2 During that summer, we received news of the sudden and untimely death of Jean Lionnet, that indefatigable explorer of Roman archives, paragon of archival research methodology, and model of the collegial scholar, who unselfishly and joyfully shared his information and sources with any serious student. Indeed, many of today's prominent archival scholars learned their trade either working alongside Jean Lionnet or emulating his example. Our great sadness at the loss of such a congenial gentleman was tempered only slightly by the opportunity to dedicate the session to Jean's memory.
3 The session itself turned out better than I could have hoped for, thanks to the uniformly high quality of the papers and the penetrating insights and additions of the respondents. The idea was immediately put forward of combining these papers and responses in a single, special issue of the Journal of Seventeenth-Century Music, and I was honored to accept the invitation to serve as editor.
4 One of the papers, however, was to be published in another journal for quite appropriate reasons, leaving the remaining three papers and responses as a coherent body of work focused on chapels solely in Italy for this special issue. I have chosen a new title for this issue to reflect more precisely the nature of its contents than the more generic and geographically encompassing session title could do.
5 The papers and their responses have been organized chronologically, beginning with Noel O'Regan's reassessment of the origins of sacred monody and the few-voiced concerto ecclesiastico and the contributions of Aprilio Pacelli to the early history of this repertoire. O'Regan clearly demonstrates that Roman music, supported by various ecclesiastical institutions, tended in these directions long before Viadana published his Cento concerti ecclesiastici in Venice in 1602, with a preface claiming that some of these pieces had been performed in Rome some years previously. The author examines a broad swath of Roman motets in the latter part of the sixteenth century to illustrate and delineate these tendencies, speculating on Neapolitan influence as well. His essay demonstrates that by the time of the first publication of this "new" approach to sacred music, for which Viadana claimed priority, this type of writing had already become commonplace in the hands of a number of Roman composers serving a number of different Roman institutions.

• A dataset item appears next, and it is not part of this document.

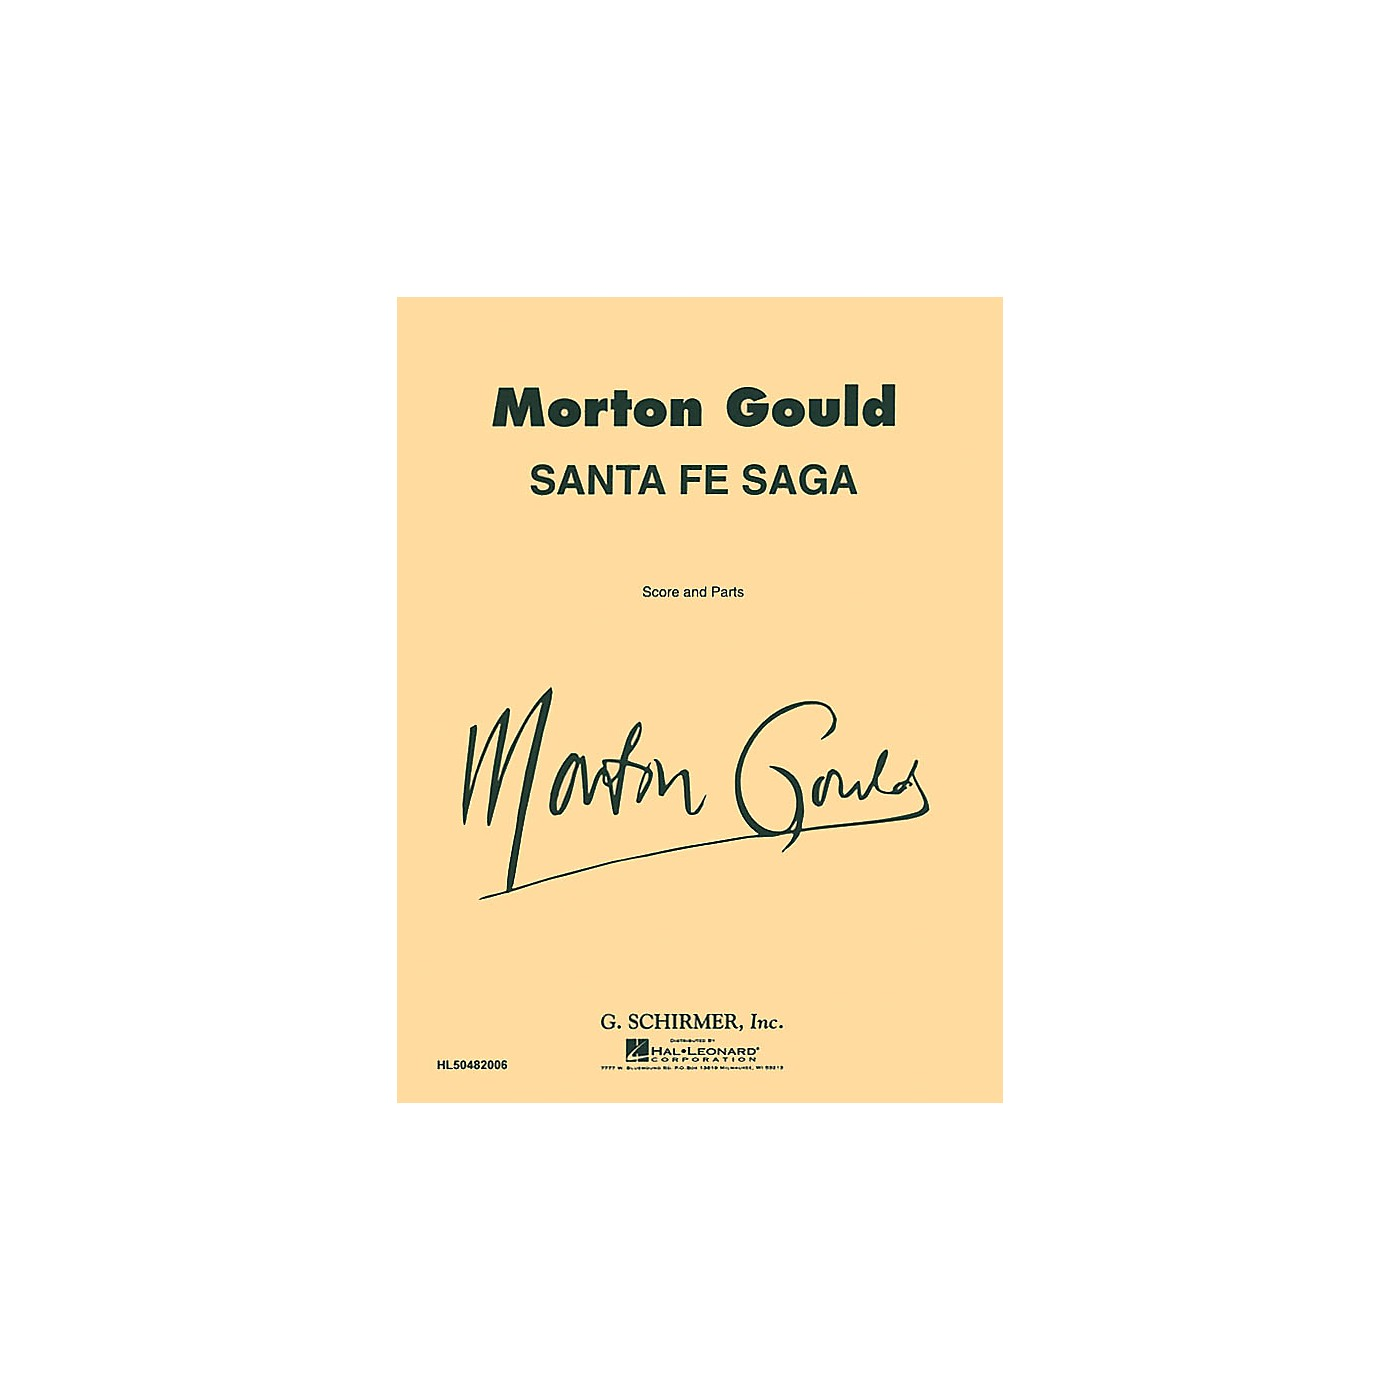 G. Schirmer Santa Fe Saga (Score and Parts) Concert Band Level 4-5 Composed by Morton Gould thumbnail

6 The response of Robert Holzer expands O'Regan's observations by emphasizing the context of a new approach to piety and devotion, based on more humble, easily perceived forms of religious expression, in contrast to the elaborate polyphony that had dominated Roman sacred music since the fifteenth century (enlarged by huge multi-choir settings of psalms and masses in the last two decades of the sixteenth century). Holzer confirms O'Regan's revisionary perspective by viewing Pacelli's and Viadana's publications not as the first examples of a new style of writing, but rather as the culmination of thirty years of development, reaching print only when that development had actually reached its end-point.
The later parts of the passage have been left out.